De samoerai werd de heersende klasse in de samenleving. Ze vormden het leger en bekleedden politieke posities. In de jaren 1500 probeerde de Shogun Oda Nobunaga, alle clans te verenigen tot één machtige strijdmacht. Zijn beide opvolgers, Tokugawa Leyasu en Toyotomi Hideyoshi, traden in zijn voetsporen. Het Keizerrijk Japan stond echter op het punt alles te veranderen voor de samoerai.
Het einde van de samoerai
Onder leiding van keizer Meiji en zijn befaamde Meiji-restauratie werd het politieke systeem weer onder controle van de keizer gebracht. Het leger werd gemoderniseerd en de plaats van de samoerai werd ingenomen door de rijke heersende klasse, en langzaamaan werd de samoerai-klasse afgeschaft. Eerst belastten ze het loon van de samoerai voordat ze dienstplicht instelden, waardoor burgers in het leger konden. Uiteindelijk kwamen de samoerai, geleid door Saigo Takamori, in opstand tegen het keizerlijke Japanse leger. Het leger was te sterk en versloegen de samurai.

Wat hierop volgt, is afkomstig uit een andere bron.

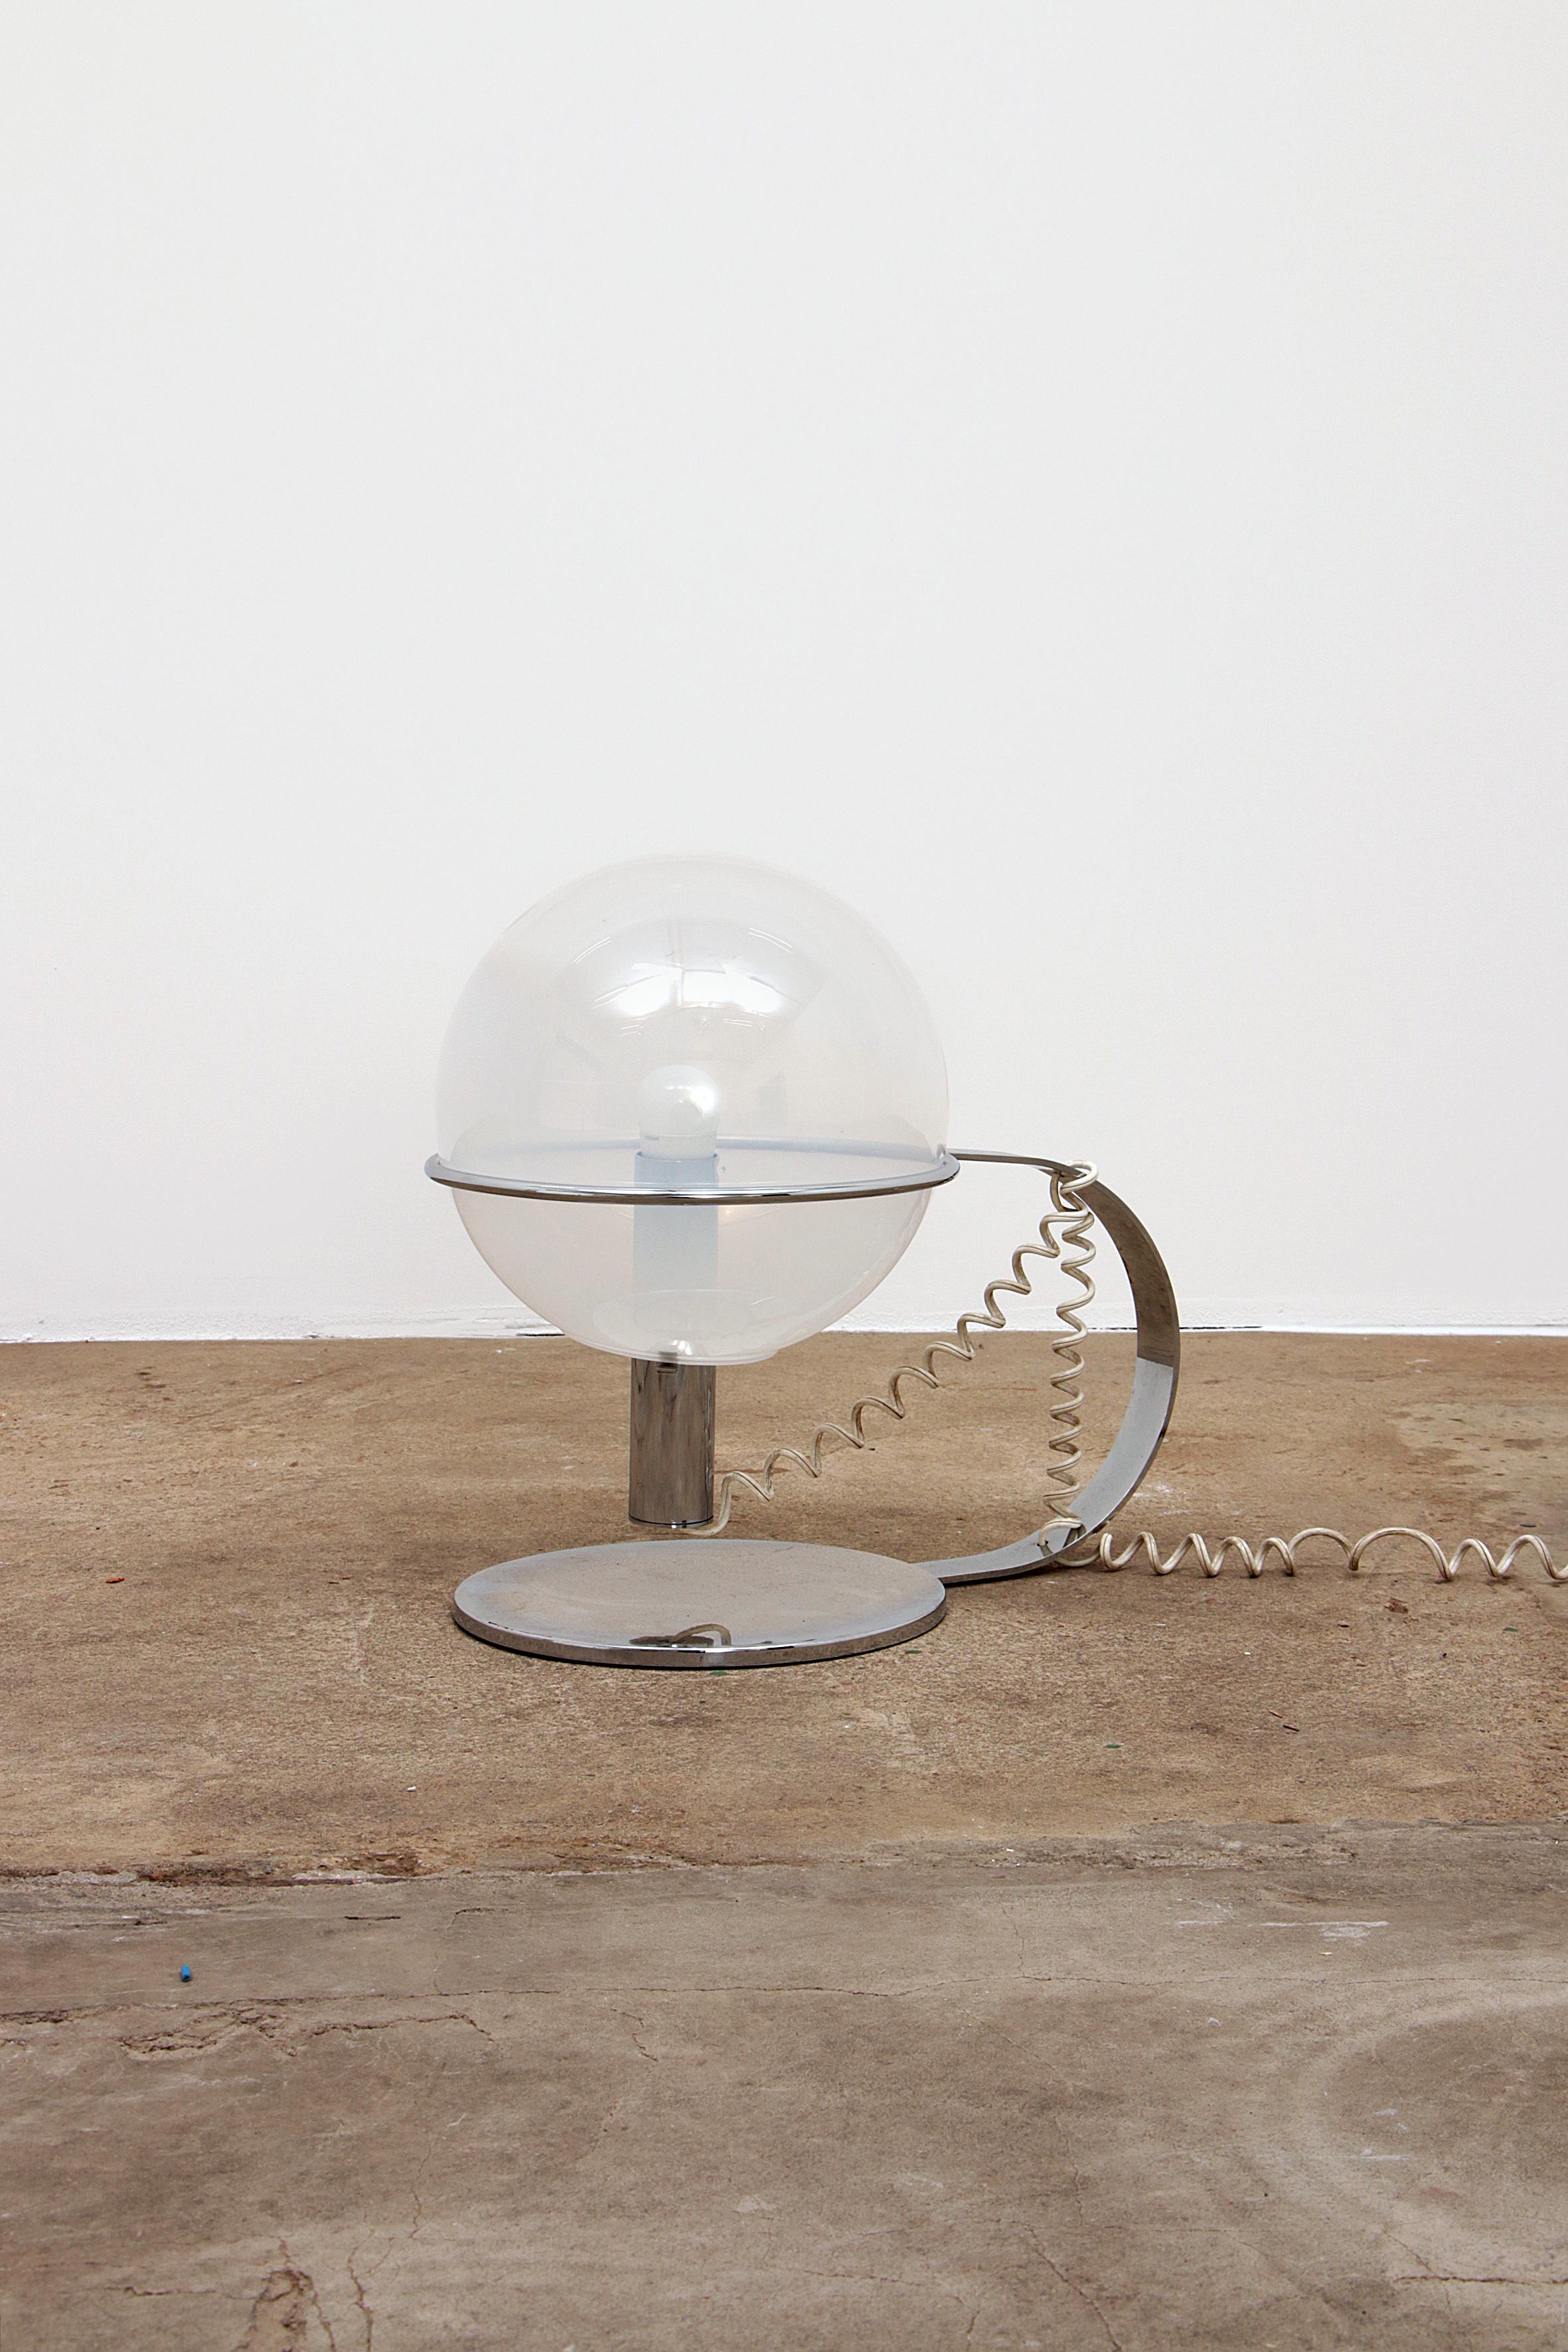 Belle lampe de table en chrome avec un anneau dans lequel s'illumine une sphère de Murano soufflée à la bouche.

Vous pouvez jouer avec cette ampoule et la placer différemment pour obtenir une lumière différente. Un interrupteur se trouve également

Japan besloot de voormalige samoerai op te nemen in de samenleving maar met andere carrières. De samurai vertegenwoordigden een vervlogen tijdperk waarin geen plaats voor hen was in de wereld. Het idee was om hen land te laten kopen en toekomstige investeringen te laten doen. De jongere samoerai volgde een opleiding in het buitenland en keerde terug naar Japan voor een professionele loopbaan. Velen van hen werden verslaggevers die hun eigen kranten begonnen. Verscheidene anderen bekleedden verschillende functies in het bedrijfsleven en bij de overheid.